Personal information
- Full name: Jason Henry Hitz
- Born: 20 February 1980 (age 46) Bulawayo, Zimbabwe
- Batting: Right-handed
- Bowling: Right-arm fast-medium

Domestic team information
- 1999/00: Matabeleland

Career statistics
| Competition | First-class |
| Matches | 3 |
| Runs scored | 28 |
| Batting average | 5.60 |
| 100s/50s | –/– |
| Top score | 24 |
| Balls bowled | 162 |
| Wickets | 4 |
| Bowling average | 29.75 |
| 5 wickets in innings | – |
| 10 wickets in match | – |
| Best bowling | 2/25 |
| Catches/stumpings | 3/– |
- Source: Cricinfo, 20 October 2012

= Jason Hitz =

Zimbabwean cricketer (born 1980)

Jason Henry Hitz (born 20 February 1980) is a former Zimbabwean cricketer. He was a right-handed batsman and a right-arm medium-fast bowler who played for Matabeleland. He was born in Bulawayo.
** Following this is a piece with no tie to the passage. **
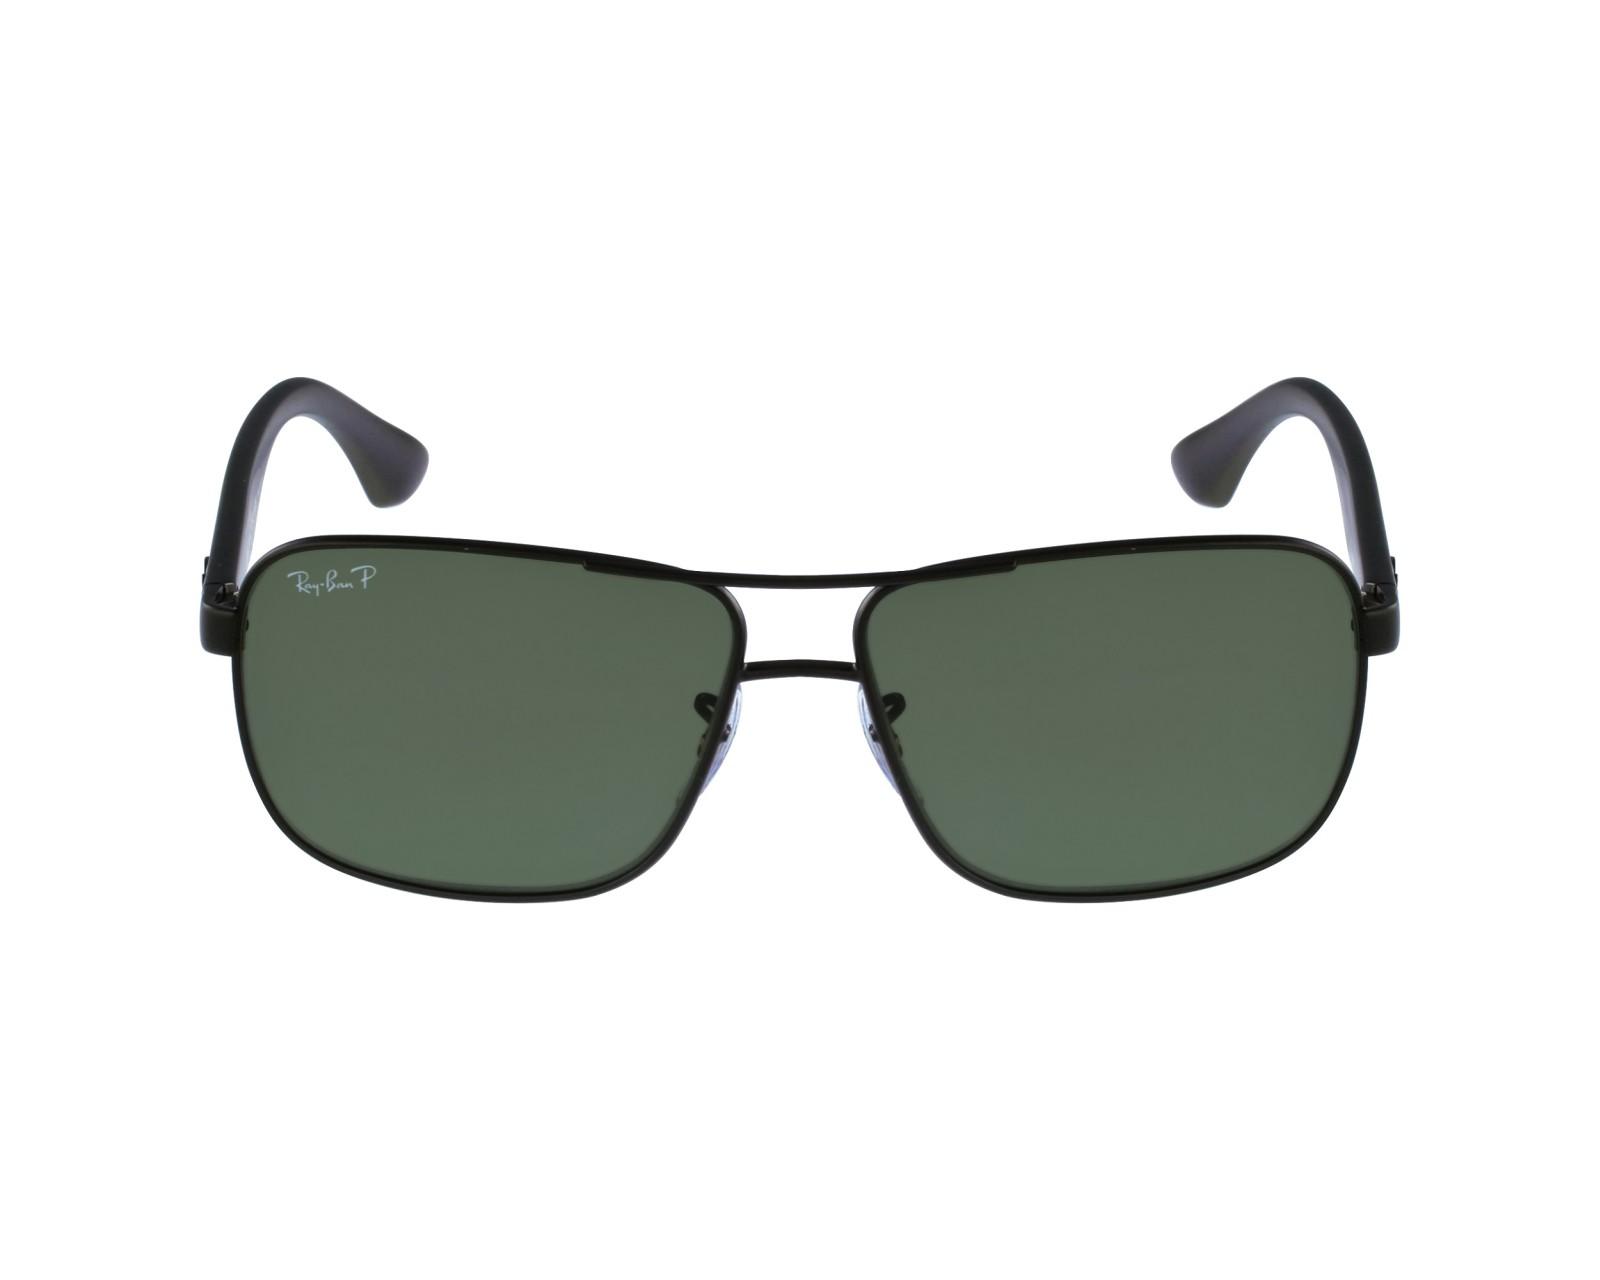 527f4ec8901 Polarized. Sunglasses Ray-Ban RB-3516 006 9A - Black profile view

Hitz made three appearances during the Logan Cup competition of 1999/2000, debuting against Manicaland. Batting as a tailender, 24 of Hitz's 28 career runs came in the same innings, against Mashonaland.

Hitz took four wickets in 27 overs of bowling.

Hitz later played rugby union in the United Kingdom, at Aldeburgh & Thorpeness Rugby Club, in Aldeburgh, Suffolk, making eight appearances in the 2013/14 season.